The aircraft carrier U.S.S. Ticonderoga was immense, a virtual city within itself, with the military equivalents of various stores, pharmacies, restaurants (mess halls), gymnasiums, offices, and rooms-single, double, and dormitory-style. And there were more corridors, alleyways, and abrupt corners than could be found in a Star Trek version of San Francisco's Chinatown. The farther one went below-decks, the less peopled were the drab steel hallways, albeit with more turns and hatchways and cargo holds than those above the waterline. At the moment, two figures were running up a low-ceilinged corridor, both rather conspicuous. One was a tall black officer who had to continually bend his frame so as not to collide with a lateral pipe, the other a young white male, a muscular teenager, his hands bound in fresh surgical gauze.
"Hurry up!" cried Lieutenant Luther Considine, his summer uniform unpressed and in need of cleaning.

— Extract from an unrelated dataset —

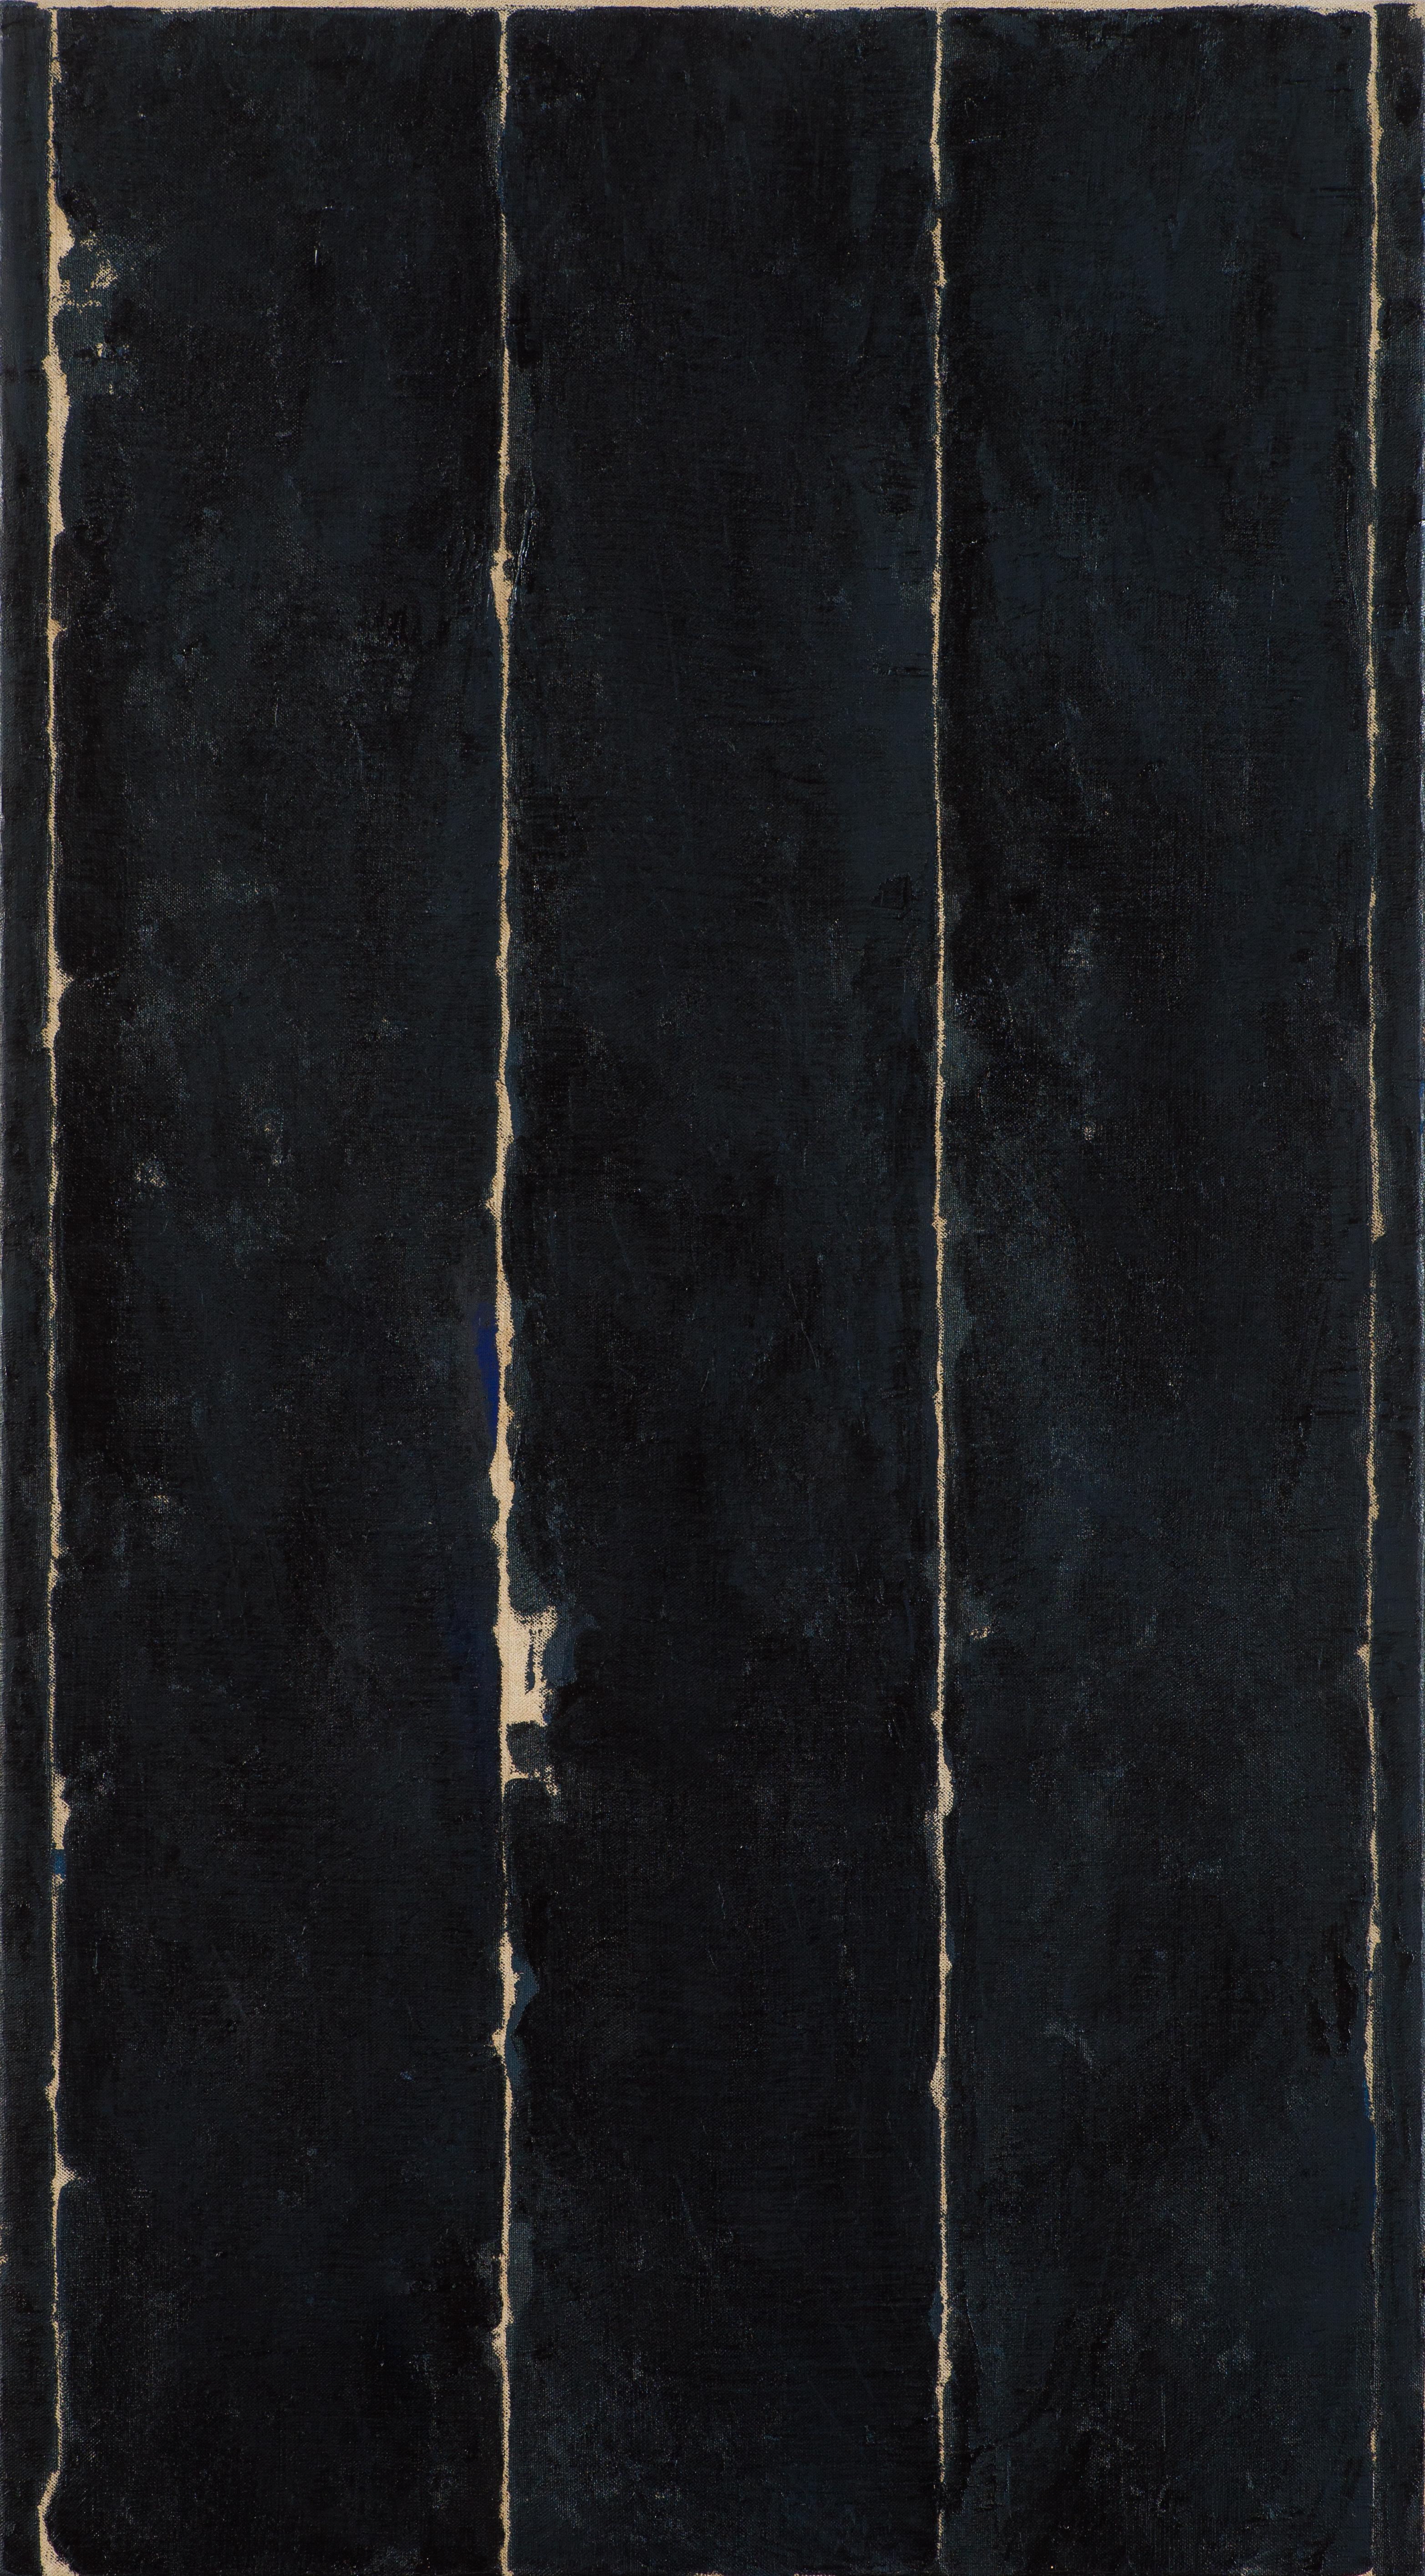 Mala Breuer Abstract Painting - 1978 (black)

"Where are we going?" asked an excited Jamie Montrose.
"Where I hope the officer of the watch and his bloodhounds won't find you!"
They came to a heavy metal door marked Authorized Personnel Only. Considine took out a key, unlocked it, and shoved it open. They walked into a small white-walled room with a long Formica table around which were brown-cushioned swivel chairs and a large screen on the right, a mounted slide projector on the left.
"What is this?" said Montrose junior.
"It's a debriefing room for pilots on top-secret runs."
"How'd you get the key, Lieutenant?"
"The security officer was my wing commander until the brass figured he was too smart or too blind to fly. He's still my roommate and thinks I'm having a tete-a-tete with a dark angel of mercy."
"That was very nice of him."
"Nice, schmice. I bailed him out of the casino on Rhodes. Take a chair and relax. I flip on this switch and the red letters outside say Do Not Enter."
"I don't know how to thank you, sir."
"You don't have to, Jamie. Just fill me in more, and remember, I could be busted to a swab-jockey if you shuffle me."
"Everything I've told you is the truth-" "I believe you!" interrupted Luther Considine, his black eyes glaring.
"I believe you because it's so nuts
and you're so young and you're the son of a fighter pilot we considered the best in the business, so why would you lie? But the captain, the four-striper driving this floating metropolis, thinks you ran out of my quarters and I can't find you because our intelligence officer ordered you to talk to Washington."
"No way!" insisted Montrose junior.
"You talk about shuffling, I've been shuffled enough!"
"Okay, okay. Let's go back. What exactly did the two government spook-jocks say to you at Kennedy International?"
"Not very much.. .. Basically that my mother had been assigned to an undercover operation and in case there were any leaks, they wanted me 'out of the loop."
" "What about their ID's? .. . Forget it, they could easily get fakes.
And you accepted what they told you?"
"Well, they seemed like really nice guys, you know? I mean, they were concerned, genuinely sorry about everything, and even got me on board the plane without any hassle over tickets and my passport and that sort of thing."
"Didn't you ask any questions?"
"I asked a lot of questions, but they didn't know much more than I did."
"What did they tell you?" said Considine, studying the youngster.